* What is required
Produce as output only the lines below starting at the line with "Lac des Bouillouses mit Inselchen" and continuing through the line with "V labyrintu jsou", each one exactly as written.

* Task inputs
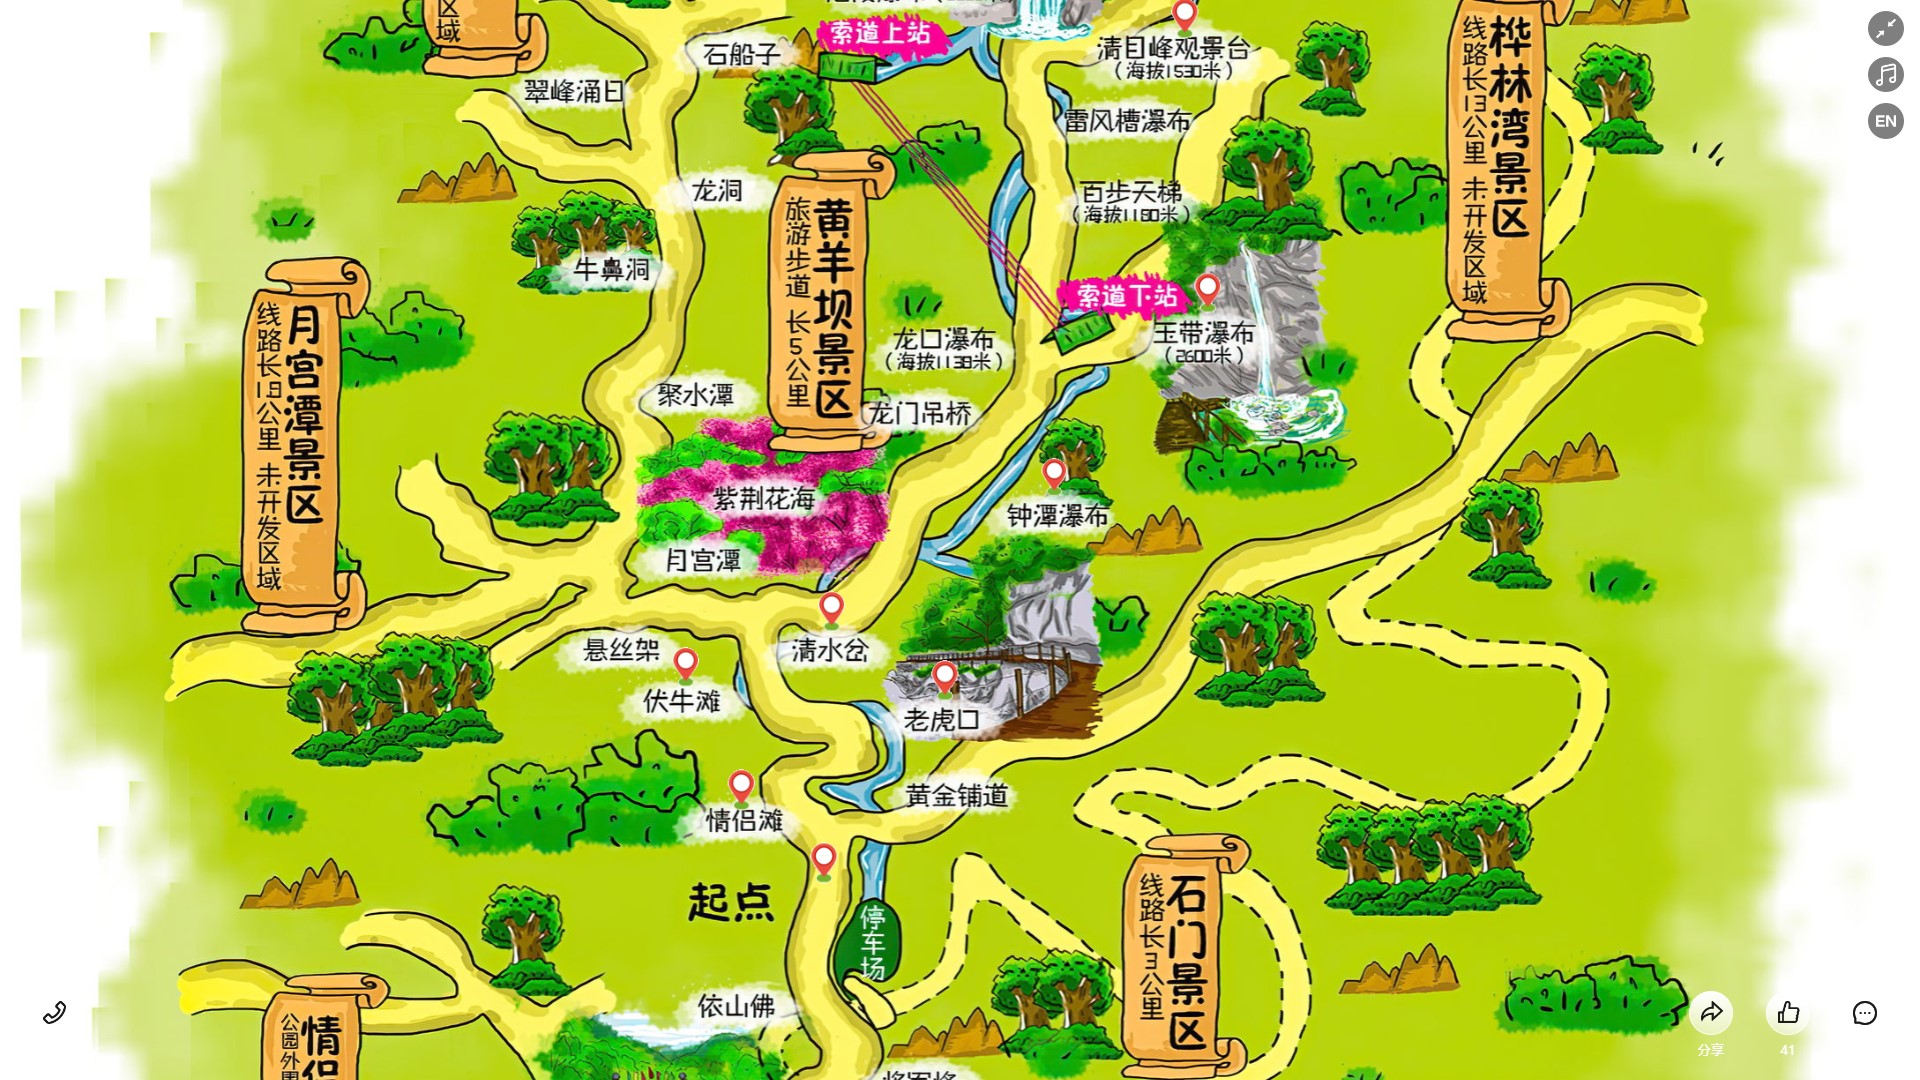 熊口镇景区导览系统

--

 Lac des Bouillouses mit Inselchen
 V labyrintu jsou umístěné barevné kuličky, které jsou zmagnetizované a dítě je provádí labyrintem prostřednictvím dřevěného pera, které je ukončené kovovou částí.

...

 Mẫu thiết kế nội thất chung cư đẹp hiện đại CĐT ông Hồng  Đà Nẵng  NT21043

* Task result
 Lac des Bouillouses mit Inselchen
 V labyrintu jsou umístěné barevné kuličky, které jsou zmagnetizované a dítě je provádí labyrintem prostřednictvím dřevěného pera, které je ukončené kovovou částí.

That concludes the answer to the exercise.